- Nabokov's Favorite Word is Mauve: What the Numbers Reveal About the Classics, Bestsellers, and Our Own Writing by Ben Blatt
Mathematical computer analysis of literature is blossoming. The Hawking Index grew out of the hunch that if an e-book is highlighted only at the beginning, the reader probably gave up on reading it.1 The most-likely abandoned books, according to the Hawking Index, are: Ulysses by James Joyce, 1.7 percent,2 Les Miserables by Victor Hugo, 1.8 percent, Capital in the Twenty-First Century by Thomas Piketty, 2.4 percent, Hard Choices by Hillary Rodham Clinton, 4.2 percent, and, of course, A Brief History of Time by Stephen W. Hawking, 6.6 percent. The books most likely to be finished are: Harry Potter and the Sorcerer's Stone by J. K. Rowling, 95.9 percent, and The Goldfinch by Donna Tartt, 98.5 percent.

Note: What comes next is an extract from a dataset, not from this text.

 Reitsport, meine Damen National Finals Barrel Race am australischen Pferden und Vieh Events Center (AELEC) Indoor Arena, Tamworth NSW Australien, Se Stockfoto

Nabokov's Favorite Word Is Mauve provided me with a spontaneous fantasy: I ask HAL-9000,3 "Can statistics confirm our admiration of [End Page 455] the famous authors?" And HAL shows me several bar graphs. "Use of Thought Verbs per 10,000 Words" (94) studies the dictum to avoid "thought" verbs (for example, thinks, knows, understands, realizes, believes, wants, remembers, imagines, desires, loves, or hates), counting these verbs in all tenses used by fifty authors: Joyce with 56, J. R. R. Tolkien 60, Chuck Palahniuk 64, and Vladimir Nabokov 64. At the bottom are Ayn Rand 144, Agatha Christie 144, Alice Walker 145, and Elmore Leonard 150 (93-94).
"Use of Not per 10,000 Words" (98) evaluates the preference for the positive form, in effect, "dishonest" rather than "not honest." The winners are Joyce with 52, Dan Brown 61, Michael Chabon 66, Palahniuk 67, Virginia Woolf 68, and Nabokov 71. At the bottom are Theodore Dreiser 124, Ernest Hemingway 125, Jane Austen 126, William Faulkner 131, Christie 131, Stephenie Meyer 131, E. M. Forster 137, Veronica Roth 146, and Rand 151.

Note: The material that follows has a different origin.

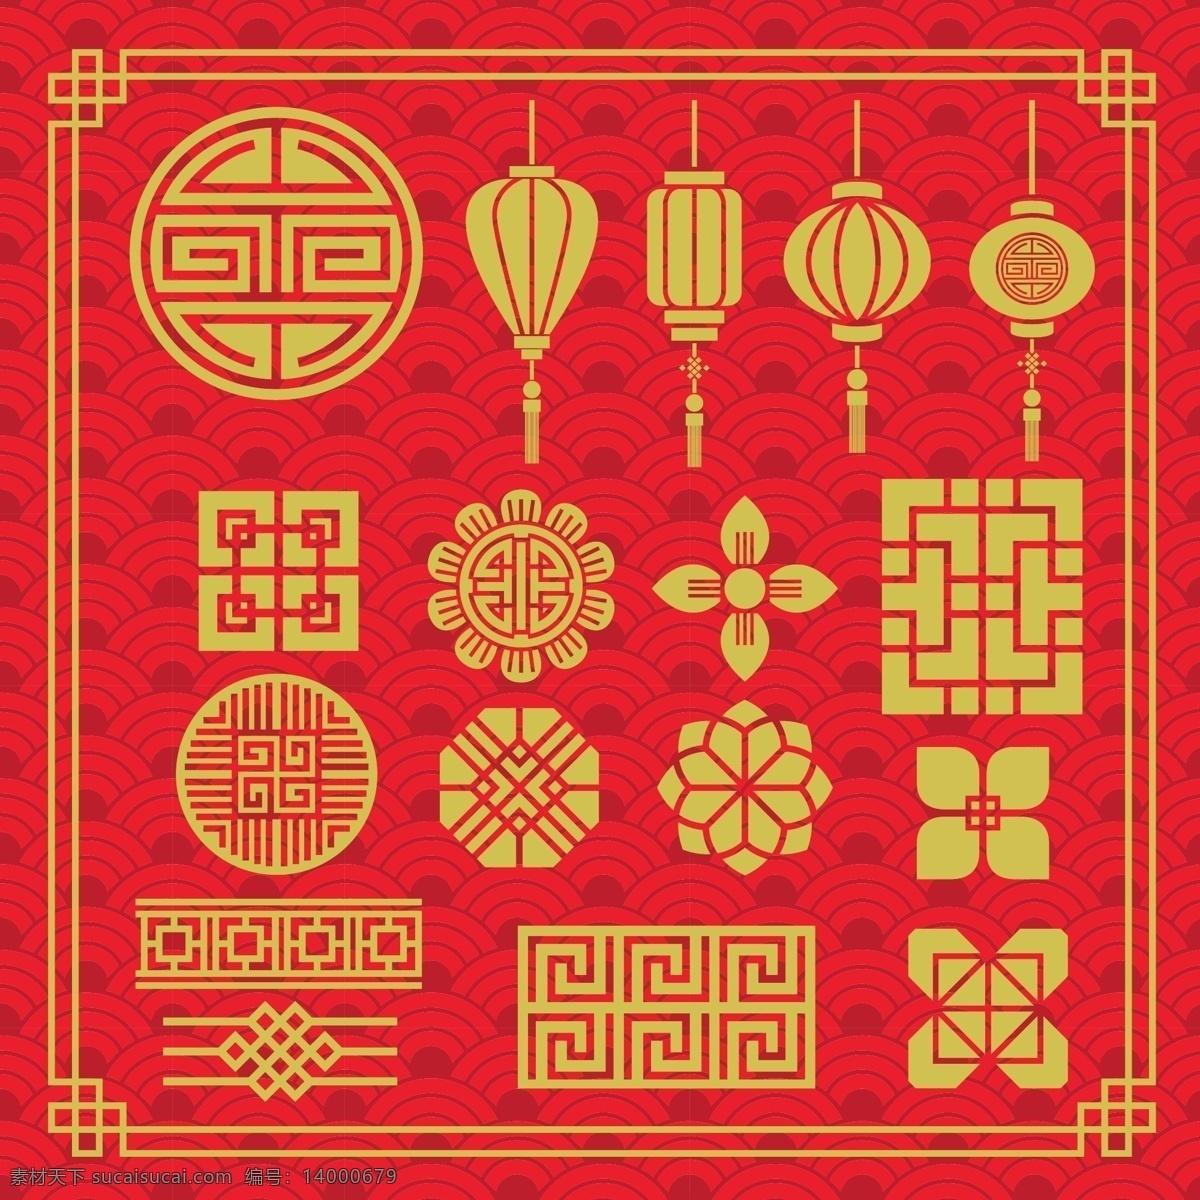 中国传统纹样 传统纹样 纹饰 花纹 线条 边框 雕花 中式 灯笼 云纹 祥云 吉祥图案 中国风 中国风元素 文化艺术 传统文化

"Use of Exclamation Points per 100,000 Words" (85) lists Leonard with 49, Hemingway 59, John Updike 88, and Chabon 91. The heavy users are Brown with 411, E. M. Forster 418, Austen 449, Joseph Conrad 483, Mark Twain 512, D. H. Lawrence 609, George Orwell 620, Rowling 670, Charles Dickens 713, Tolkien 767, E. B. White 782, Sinclair Lewis 844, Tom Wolfe 929, and Joyce 1105. The Wake contributes the many exclamation points with 2,102 average exclamation points every 100,000 words (90).
Joyce is the best and the worst in the graphs! Seeing that Nabokov appears in more bland positions, I wondered why Joyce's name was not used in the book's title. Some may find these results superficial, but they resemble scientific discoveries of hidden truths and presage a new kind of literary criticism. One may even sense in these numbers an aesthetic quality evoking the "Ithaca" episode of Ulysses.
"Use of Suddenly per 100,000 Words" (92) puts Joyce near the top: Palahniuk 2, Austen 8, Leonard 9, Chabon 12, Twain 12, and Joyce 12. At the bottom are F. Scott Fitzgerald with 64, Conrad 71, and Tolkien 78. "Use of Clichés per 100,000 Words" (158) tallies the 4,000 entries from the The Facts on File Dictionary of Clichés,4 placing James Patterson at 160 (among five men) and Austen with 45 (among five women) at both ends of the spectrum and Joyce with 118 as the ninth most cliché-ridden writer. I became suspicious and focused on Joyce's "3 Novels" notation in the graphs, meaning A Portrait, Ulysses, and the Wake (237).
In the Wake, "every Tom, Dick, and Harry" only appears in variations such as "every tim, nick and larry," "every tome, thick and heavy," and "every toad, duck and herring" (FW 19.27-28, 325.34, 506.01-02). "Suddenly" appears six times with that spelling and additionally as, for instance, "he...